I can almost see you there, in that dense forest. You’re taking your time, looking around, touching the soil. You’re wondering, what can I use to get back to my girls?

You’ve always being “nickled & dimed” by annoying physical shit (your phrase, not mine). So, I figured irony would dictate that I would be the one to get something serious. Wow, was I wrong.

I’ve basically been wrong from the beginning here. When we first went to the emergency room on Sunday morning, I was pretty sure the chest x-ray was a waste of time and you just had a lousy virus. But that cute mountain-bike riding doctor, sent us home with a diagnosis of pneumonia and a z-pack. And then when you were admitted later that night with an excruciating headache, I was sure that they’d manage your pain over night and we’d all be watching So You Think You Can Dance together on before bedtime on Monday. And then, and then, and then…

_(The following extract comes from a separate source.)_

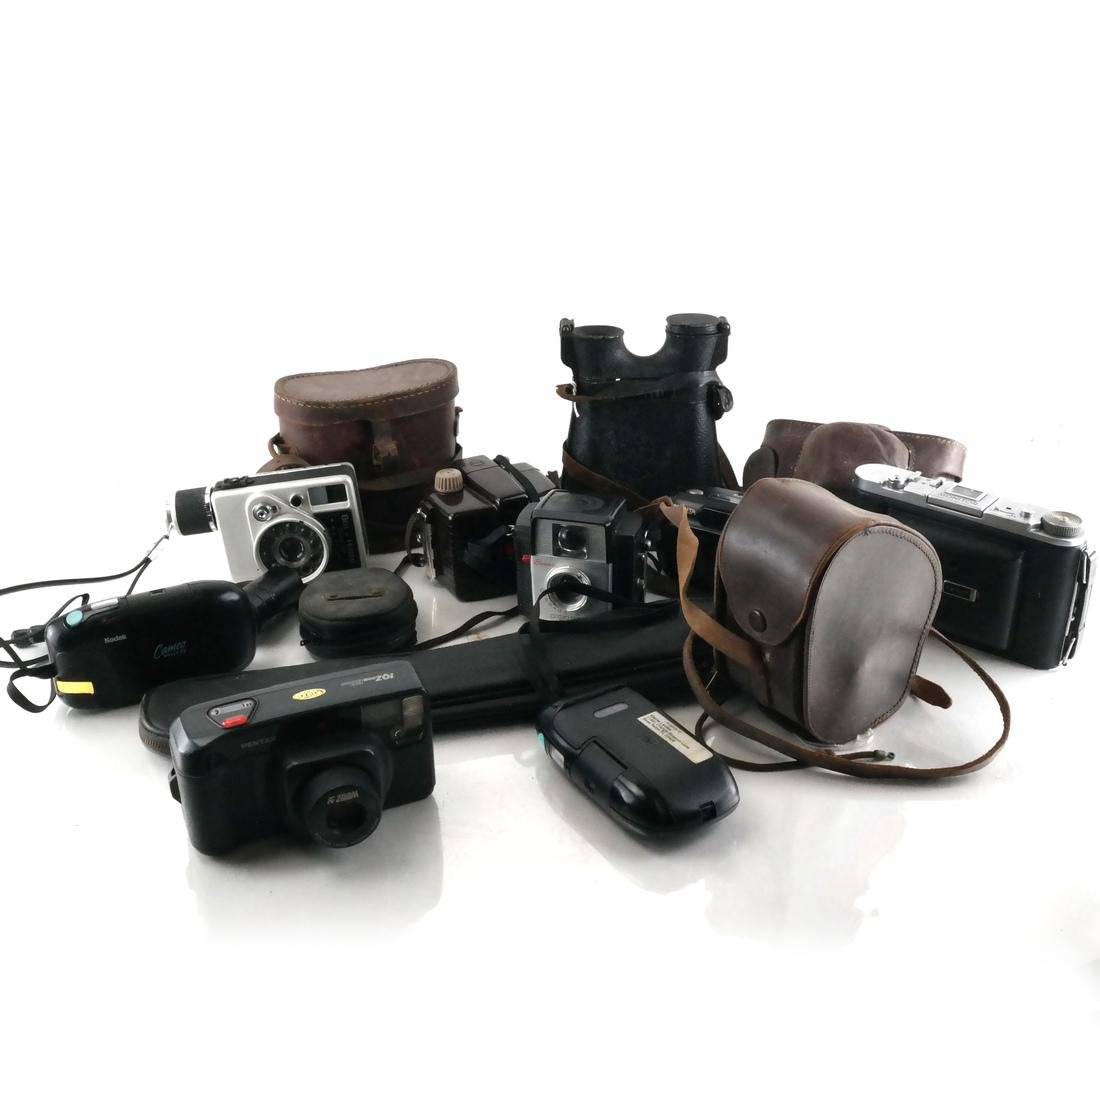 Lot of Camera Equipment

And now western medicine is doing what it does best. It’s sticking your body to the earth. It’s giving you the oxygen you can’t breathe yourself. It’s giving you the liquids you can’t drink on your own. It’s filling you with a bunch of medicines you don’t really need just in case you do.

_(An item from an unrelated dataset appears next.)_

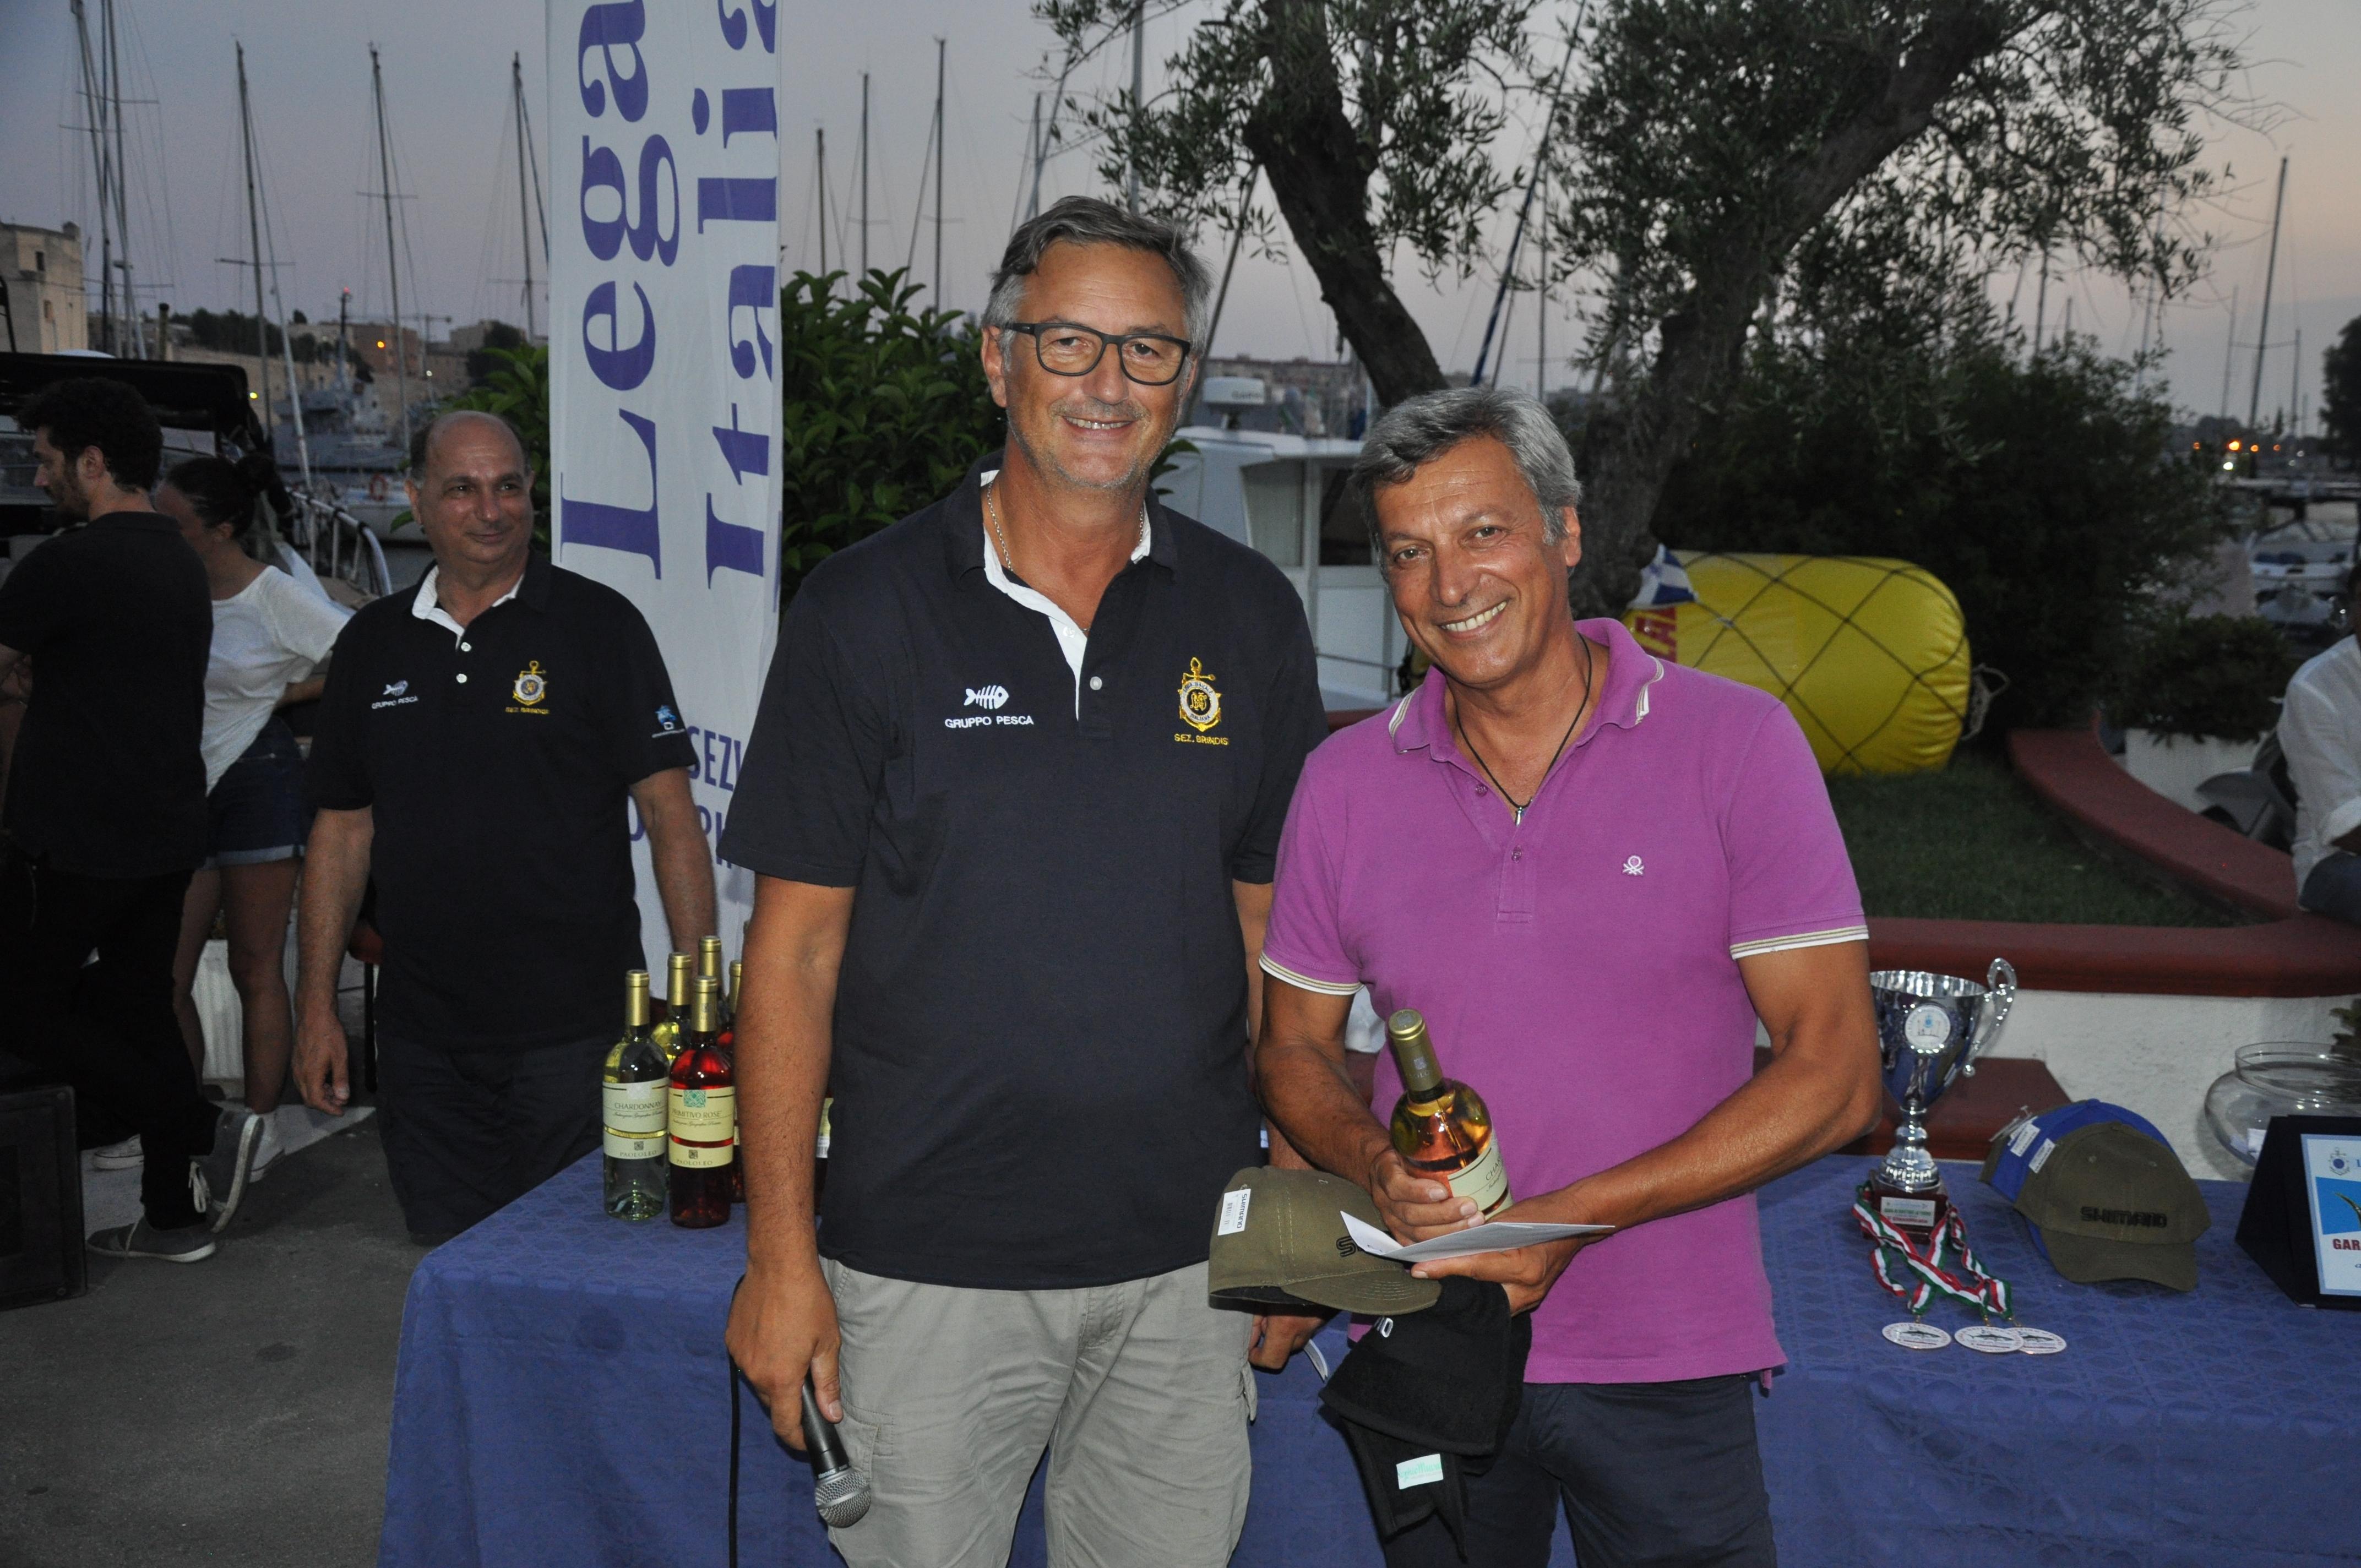 premiazione drifting al tonno 2018 (9)

I don’t know that we’ll ever know how you got so sick.

I wish I could draw you the map for the journey back. I wish I could pack you a lunch (and you know how much I HATE packing lunch) or bundle you up in durable, wicking clothes. Really, I wish I could come with you. I have an incredibly good sense of direction. That could be really helpful.

But I can’t.

Here’s what I can do. I can be your constant light. Me and the crazy disturbed following you’ve cultivated over the years. We’re standing here. We are the light.

And in front of us is your little girl.

Her name is light. Just follow that light.

Okay?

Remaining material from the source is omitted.